Extracted entries:
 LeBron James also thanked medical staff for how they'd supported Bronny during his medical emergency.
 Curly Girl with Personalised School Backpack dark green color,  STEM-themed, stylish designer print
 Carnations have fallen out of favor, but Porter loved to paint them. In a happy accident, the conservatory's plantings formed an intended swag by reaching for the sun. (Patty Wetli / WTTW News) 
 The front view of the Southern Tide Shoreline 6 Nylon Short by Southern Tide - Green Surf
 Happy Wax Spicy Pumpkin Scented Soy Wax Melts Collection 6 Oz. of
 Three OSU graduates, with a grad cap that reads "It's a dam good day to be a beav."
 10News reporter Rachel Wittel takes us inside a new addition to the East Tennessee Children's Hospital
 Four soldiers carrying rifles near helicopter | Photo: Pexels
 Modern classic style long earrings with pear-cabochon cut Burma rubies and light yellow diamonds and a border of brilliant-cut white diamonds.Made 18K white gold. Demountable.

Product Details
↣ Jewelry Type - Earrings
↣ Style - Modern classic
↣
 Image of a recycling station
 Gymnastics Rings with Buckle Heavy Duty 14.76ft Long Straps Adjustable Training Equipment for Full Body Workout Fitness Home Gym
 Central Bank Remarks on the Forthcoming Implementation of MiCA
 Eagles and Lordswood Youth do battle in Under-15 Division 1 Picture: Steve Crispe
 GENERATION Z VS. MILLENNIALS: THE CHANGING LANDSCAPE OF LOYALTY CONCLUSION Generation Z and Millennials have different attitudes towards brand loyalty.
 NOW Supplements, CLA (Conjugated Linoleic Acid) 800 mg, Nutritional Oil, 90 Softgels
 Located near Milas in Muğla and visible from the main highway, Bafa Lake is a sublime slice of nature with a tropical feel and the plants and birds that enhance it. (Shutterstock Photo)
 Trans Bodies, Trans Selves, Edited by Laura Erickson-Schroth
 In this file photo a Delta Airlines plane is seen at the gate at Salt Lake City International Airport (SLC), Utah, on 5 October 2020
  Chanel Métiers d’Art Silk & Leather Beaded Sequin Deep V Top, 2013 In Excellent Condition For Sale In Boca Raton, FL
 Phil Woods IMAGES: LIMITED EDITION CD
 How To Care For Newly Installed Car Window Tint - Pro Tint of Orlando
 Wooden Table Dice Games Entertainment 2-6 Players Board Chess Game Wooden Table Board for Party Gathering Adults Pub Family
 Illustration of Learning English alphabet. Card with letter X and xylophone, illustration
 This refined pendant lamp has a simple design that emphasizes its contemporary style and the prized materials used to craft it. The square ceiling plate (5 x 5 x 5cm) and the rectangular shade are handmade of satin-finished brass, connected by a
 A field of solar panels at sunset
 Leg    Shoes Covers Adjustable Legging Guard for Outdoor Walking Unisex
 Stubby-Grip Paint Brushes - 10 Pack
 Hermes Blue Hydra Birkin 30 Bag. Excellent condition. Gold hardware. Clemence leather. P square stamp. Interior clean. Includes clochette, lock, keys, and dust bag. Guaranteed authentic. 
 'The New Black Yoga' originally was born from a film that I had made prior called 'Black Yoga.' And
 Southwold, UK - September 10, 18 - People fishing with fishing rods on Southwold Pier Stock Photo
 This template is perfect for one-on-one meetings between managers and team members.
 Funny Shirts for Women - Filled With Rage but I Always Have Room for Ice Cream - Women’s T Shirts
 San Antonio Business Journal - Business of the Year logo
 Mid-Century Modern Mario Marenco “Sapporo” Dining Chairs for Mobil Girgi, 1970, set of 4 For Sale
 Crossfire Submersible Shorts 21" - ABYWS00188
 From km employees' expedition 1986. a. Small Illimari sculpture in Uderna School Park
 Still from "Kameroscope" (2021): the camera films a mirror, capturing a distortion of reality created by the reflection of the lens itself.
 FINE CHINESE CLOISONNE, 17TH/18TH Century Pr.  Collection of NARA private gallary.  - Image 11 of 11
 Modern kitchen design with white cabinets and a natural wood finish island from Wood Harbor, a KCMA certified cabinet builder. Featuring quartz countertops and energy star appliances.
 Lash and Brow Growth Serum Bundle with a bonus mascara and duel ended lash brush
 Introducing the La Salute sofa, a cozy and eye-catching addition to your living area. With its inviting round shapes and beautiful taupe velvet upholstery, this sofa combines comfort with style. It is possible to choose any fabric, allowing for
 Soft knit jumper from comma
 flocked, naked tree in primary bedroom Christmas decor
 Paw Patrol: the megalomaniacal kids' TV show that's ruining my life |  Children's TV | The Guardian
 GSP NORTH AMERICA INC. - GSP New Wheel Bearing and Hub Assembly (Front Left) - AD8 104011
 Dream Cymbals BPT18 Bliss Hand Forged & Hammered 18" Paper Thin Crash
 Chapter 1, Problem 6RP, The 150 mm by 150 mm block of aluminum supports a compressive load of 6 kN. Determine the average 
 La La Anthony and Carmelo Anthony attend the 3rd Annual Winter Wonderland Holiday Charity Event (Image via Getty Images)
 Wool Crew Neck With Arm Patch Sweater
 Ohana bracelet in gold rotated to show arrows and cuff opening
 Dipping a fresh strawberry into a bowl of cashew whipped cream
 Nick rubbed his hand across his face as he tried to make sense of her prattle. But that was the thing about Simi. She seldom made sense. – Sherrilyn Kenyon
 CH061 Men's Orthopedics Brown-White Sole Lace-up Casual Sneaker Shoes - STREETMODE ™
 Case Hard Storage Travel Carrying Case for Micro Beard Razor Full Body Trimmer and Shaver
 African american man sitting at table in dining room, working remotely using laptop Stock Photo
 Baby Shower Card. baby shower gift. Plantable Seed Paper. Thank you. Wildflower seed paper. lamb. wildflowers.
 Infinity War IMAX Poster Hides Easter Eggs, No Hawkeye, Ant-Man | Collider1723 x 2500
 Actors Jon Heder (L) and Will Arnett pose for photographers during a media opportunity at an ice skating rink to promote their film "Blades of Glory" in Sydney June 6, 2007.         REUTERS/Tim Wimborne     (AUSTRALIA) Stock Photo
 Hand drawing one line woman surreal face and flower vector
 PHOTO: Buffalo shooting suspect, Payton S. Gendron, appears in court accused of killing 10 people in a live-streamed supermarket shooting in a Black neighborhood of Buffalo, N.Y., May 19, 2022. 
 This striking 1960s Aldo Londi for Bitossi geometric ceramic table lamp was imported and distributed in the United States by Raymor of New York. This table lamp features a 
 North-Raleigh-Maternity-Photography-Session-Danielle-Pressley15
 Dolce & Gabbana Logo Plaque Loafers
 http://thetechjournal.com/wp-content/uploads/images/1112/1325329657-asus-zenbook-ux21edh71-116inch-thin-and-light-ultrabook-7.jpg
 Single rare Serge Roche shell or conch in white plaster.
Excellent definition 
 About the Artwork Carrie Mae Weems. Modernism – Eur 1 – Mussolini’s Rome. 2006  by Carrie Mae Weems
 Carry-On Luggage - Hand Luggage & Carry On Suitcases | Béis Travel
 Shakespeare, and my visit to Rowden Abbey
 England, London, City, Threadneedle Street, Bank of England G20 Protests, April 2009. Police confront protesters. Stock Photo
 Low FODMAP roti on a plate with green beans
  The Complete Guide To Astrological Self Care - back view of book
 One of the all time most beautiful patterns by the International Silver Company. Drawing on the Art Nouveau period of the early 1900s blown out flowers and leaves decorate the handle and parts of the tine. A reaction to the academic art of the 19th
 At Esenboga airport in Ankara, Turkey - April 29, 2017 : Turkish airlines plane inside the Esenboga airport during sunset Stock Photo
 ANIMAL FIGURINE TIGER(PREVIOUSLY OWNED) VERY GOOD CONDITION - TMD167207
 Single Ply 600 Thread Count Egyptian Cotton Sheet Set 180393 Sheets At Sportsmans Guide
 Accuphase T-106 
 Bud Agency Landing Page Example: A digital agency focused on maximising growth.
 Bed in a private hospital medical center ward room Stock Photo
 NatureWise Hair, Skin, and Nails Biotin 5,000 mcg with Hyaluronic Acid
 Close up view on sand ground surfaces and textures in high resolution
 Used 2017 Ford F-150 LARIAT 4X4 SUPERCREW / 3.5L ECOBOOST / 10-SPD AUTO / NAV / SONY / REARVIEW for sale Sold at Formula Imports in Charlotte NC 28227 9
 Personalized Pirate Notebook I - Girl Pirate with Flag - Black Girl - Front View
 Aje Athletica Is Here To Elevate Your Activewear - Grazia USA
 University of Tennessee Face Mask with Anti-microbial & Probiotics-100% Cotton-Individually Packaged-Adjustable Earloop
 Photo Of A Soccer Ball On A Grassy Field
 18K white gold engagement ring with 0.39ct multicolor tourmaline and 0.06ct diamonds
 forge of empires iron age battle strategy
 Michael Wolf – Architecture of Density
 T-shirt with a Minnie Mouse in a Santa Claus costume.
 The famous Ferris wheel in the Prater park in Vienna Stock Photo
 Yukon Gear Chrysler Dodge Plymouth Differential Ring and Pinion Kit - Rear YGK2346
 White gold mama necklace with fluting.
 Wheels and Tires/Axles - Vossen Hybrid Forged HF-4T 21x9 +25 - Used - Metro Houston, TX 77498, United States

Your goal: Out of the entries above, write out only the lines between the line holding "Illustration of Learning" and the line holding "flocked, naked tree", inclusive, each exactly as given.

Completed task:
 Illustration of Learning English alphabet. Card with letter X and xylophone, illustration
 This refined pendant lamp has a simple design that emphasizes its contemporary style and the prized materials used to craft it. The square ceiling plate (5 x 5 x 5cm) and the rectangular shade are handmade of satin-finished brass, connected by a
 A field of solar panels at sunset
 Leg    Shoes Covers Adjustable Legging Guard for Outdoor Walking Unisex
 Stubby-Grip Paint Brushes - 10 Pack
 Hermes Blue Hydra Birkin 30 Bag. Excellent condition. Gold hardware. Clemence leather. P square stamp. Interior clean. Includes clochette, lock, keys, and dust bag. Guaranteed authentic. 
 'The New Black Yoga' originally was born from a film that I had made prior called 'Black Yoga.' And
 Southwold, UK - September 10, 18 - People fishing with fishing rods on Southwold Pier Stock Photo
 This template is perfect for one-on-one meetings between managers and team members.
 Funny Shirts for Women - Filled With Rage but I Always Have Room for Ice Cream - Women’s T Shirts
 San Antonio Business Journal - Business of the Year logo
 Mid-Century Modern Mario Marenco “Sapporo” Dining Chairs for Mobil Girgi, 1970, set of 4 For Sale
 Crossfire Submersible Shorts 21" - ABYWS00188
 From km employees' expedition 1986. a. Small Illimari sculpture in Uderna School Park
 Still from "Kameroscope" (2021): the camera films a mirror, capturing a distortion of reality created by the reflection of the lens itself.
 FINE CHINESE CLOISONNE, 17TH/18TH Century Pr.  Collection of NARA private gallary.  - Image 11 of 11
 Modern kitchen design with white cabinets and a natural wood finish island from Wood Harbor, a KCMA certified cabinet builder. Featuring quartz countertops and energy star appliances.
 Lash and Brow Growth Serum Bundle with a bonus mascara and duel ended lash brush
 Introducing the La Salute sofa, a cozy and eye-catching addition to your living area. With its inviting round shapes and beautiful taupe velvet upholstery, this sofa combines comfort with style. It is possible to choose any fabric, allowing for
 Soft knit jumper from comma
 flocked, naked tree in primary bedroom Christmas decor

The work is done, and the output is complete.